Walk into any supermarket across Australia and it’s hard to believe people can go hungry today.
Imagine, though, each item on each shelf in each aisle, including the frozen sections, represents each person in the world who struggles to find even one meal a day. It still wouldn’t add up to the disproportionate number of global neighbours for whom hunger is a daily challenge.
Despite recent progress in combating global hunger, a perfect storm of circumstances now threatens humans’ most essential survival tool: food. Between COVID-19’s impact, military conflicts, environmental disasters and subsequent rising costs, the world is facing what the United Nations’ World Food Program calls ‘catastrophic hunger’ for hundreds of millions of people, a food crisis ‘beyond anything we’ve seen since World War II.’
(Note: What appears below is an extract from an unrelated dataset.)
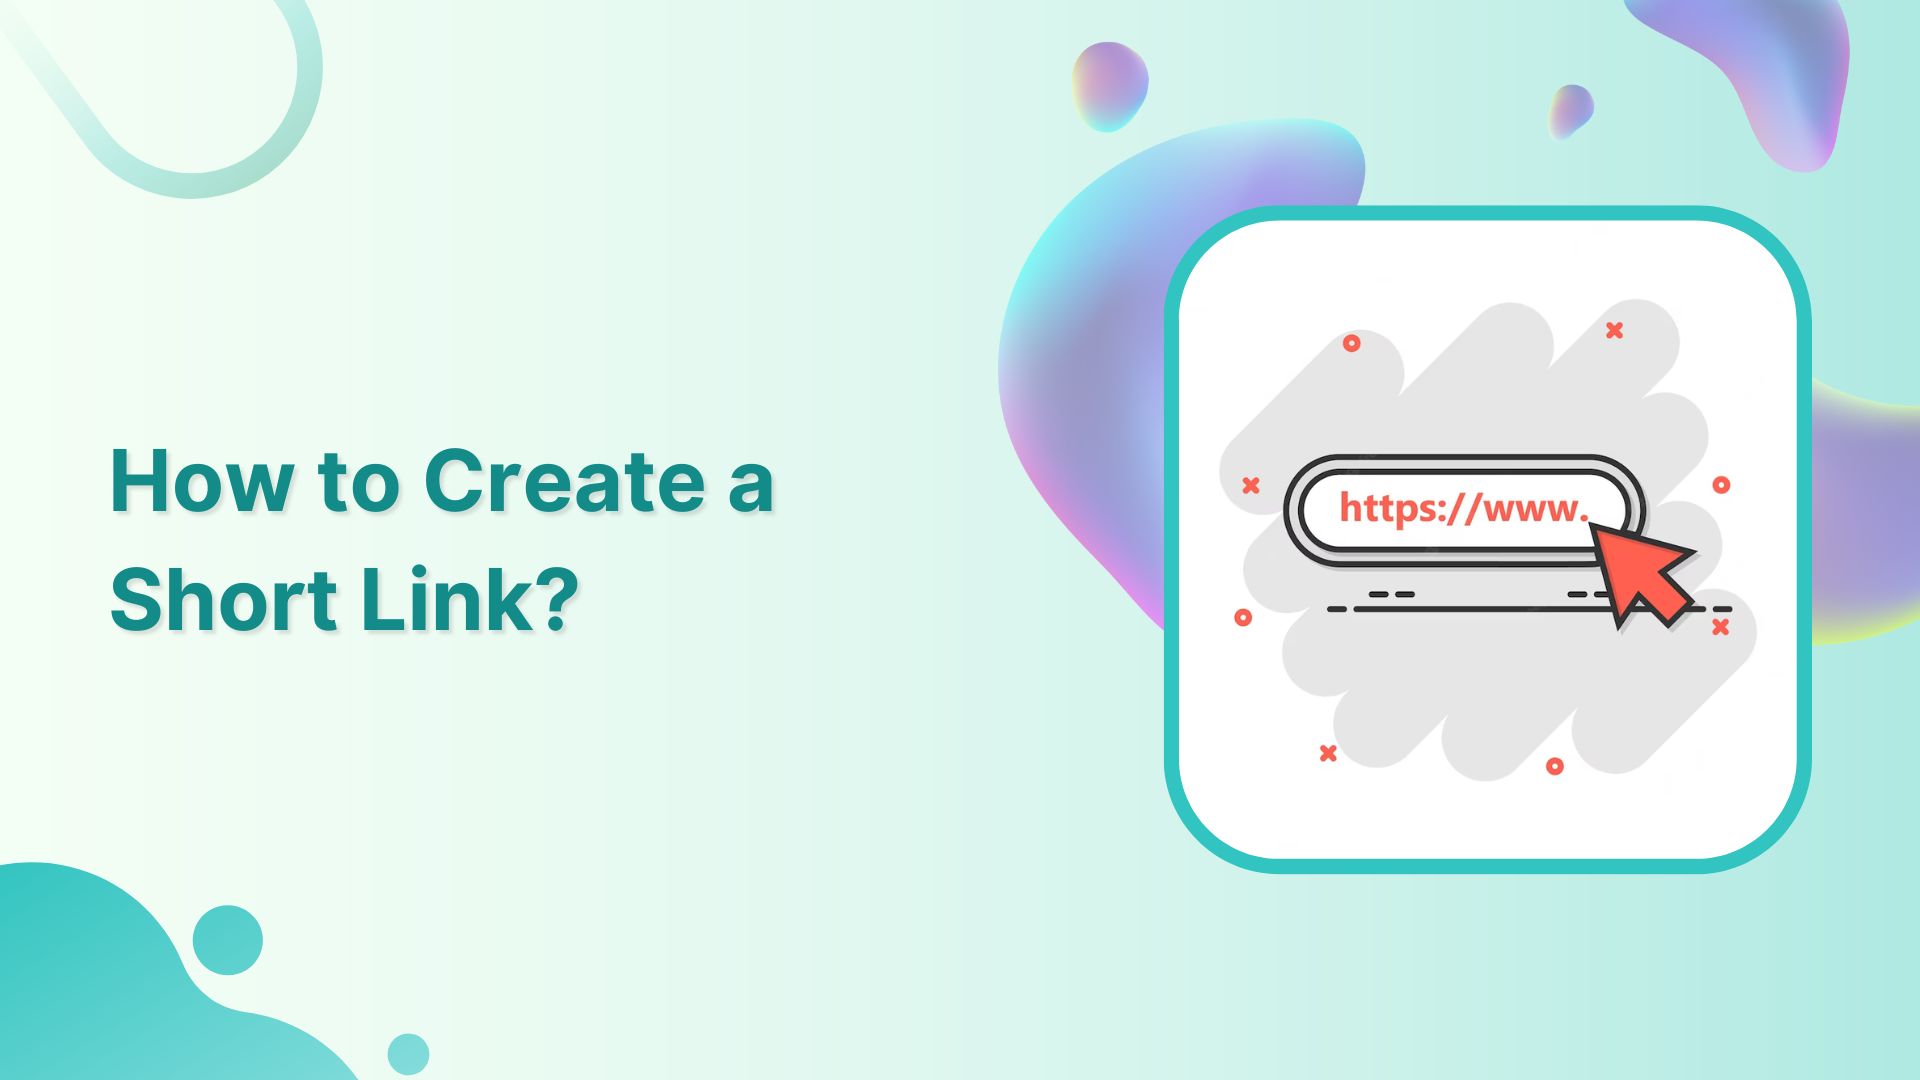 How to Create a Short URL: Step-by-Step Guide

During the pandemic of the past two years, for instance, hunger rose between 720 million and 811 million around the globe. Even before COVID, the world faced a malnutrition crisis, meaning that even if people were eating enough food, they weren’t eating enough nutritious foods to keep illness at bay.
A lack of nourishing foods contributes to nearly half of all preventable deaths among children under five, with 200 million children worldwide under five malnourished. In fact, every 11 seconds—about the time it takes to grab a jar of pasta sauce from the supermarket shelf—a child dies from malnutrition.
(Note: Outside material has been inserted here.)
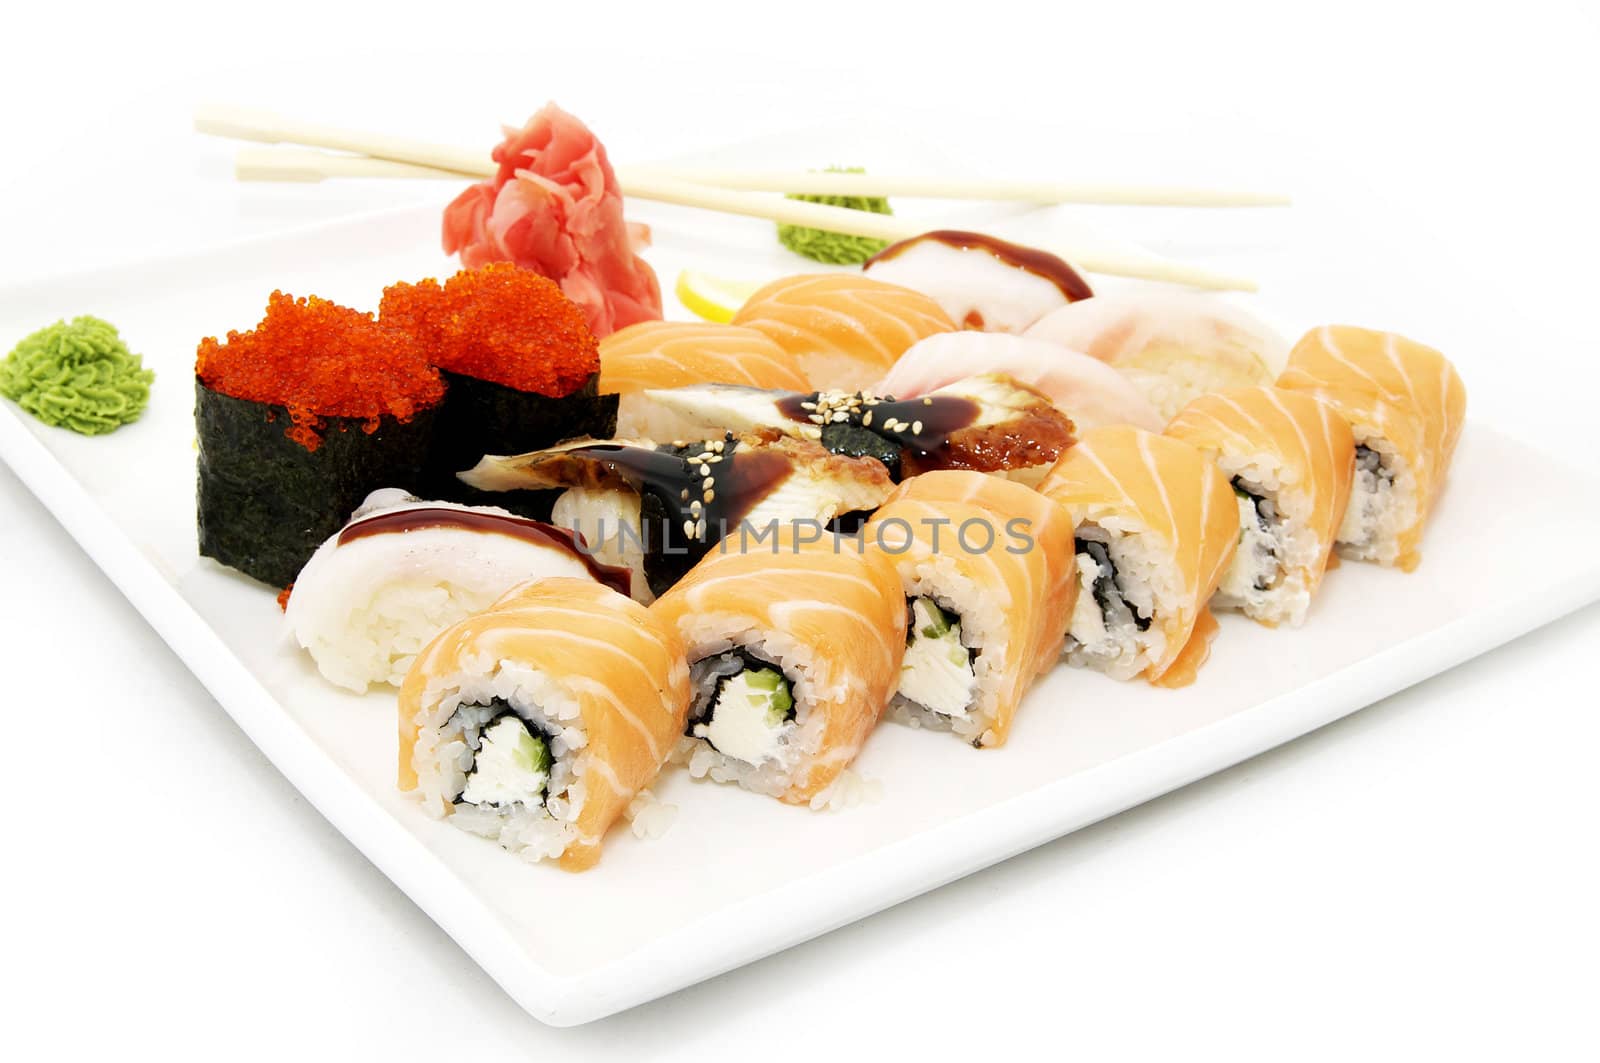 Plate of Japanese Sushi by Lester120

Global hunger means children in already vulnerable communities are behind in school, babies lack the nourishment they need to develop properly, and parents are limited in opportunities for work, income, or well-being. It’s what we call food insecurity. It’s not just skipping a meal every now and then; it’s a whole life setback.
The war in Ukraine is having a ripple effect on the global food market, affecting farmers as far away as Somalia and Kenya, and experts say it could cause an additional 7.6 million to 13.1 million people to go hungry.
Now, staple foods such as wheat are becoming increasingly scarce and expensive as trade routes from Ukraine and Russia are disrupted. Many countries import 60-80 percent of their wheat from Ukraine. With these imports disrupted, the price of bread and other staple foods is rapidly rising, affecting the most economically vulnerable families most of all.
As a tenth of the global population now face hunger, it’s estimated around 660 million may still face hunger in 2030 partly due to the lasting effects of the COVID-19 pandemic on global food security. Soon, ‘we’ll be taking food from the hungry to give to the starving,’ according to the WFP’s executive director.
That’s why Baptist World Aid’s 2022 Matching Grant’s emphasis on combatting hunger is so crucial. It helps our Christian Partners provide meals, seeds, training and opportunities to grow food for families across 18 countries. Because in a world of plenty, God’s desire is that no one should be hungry.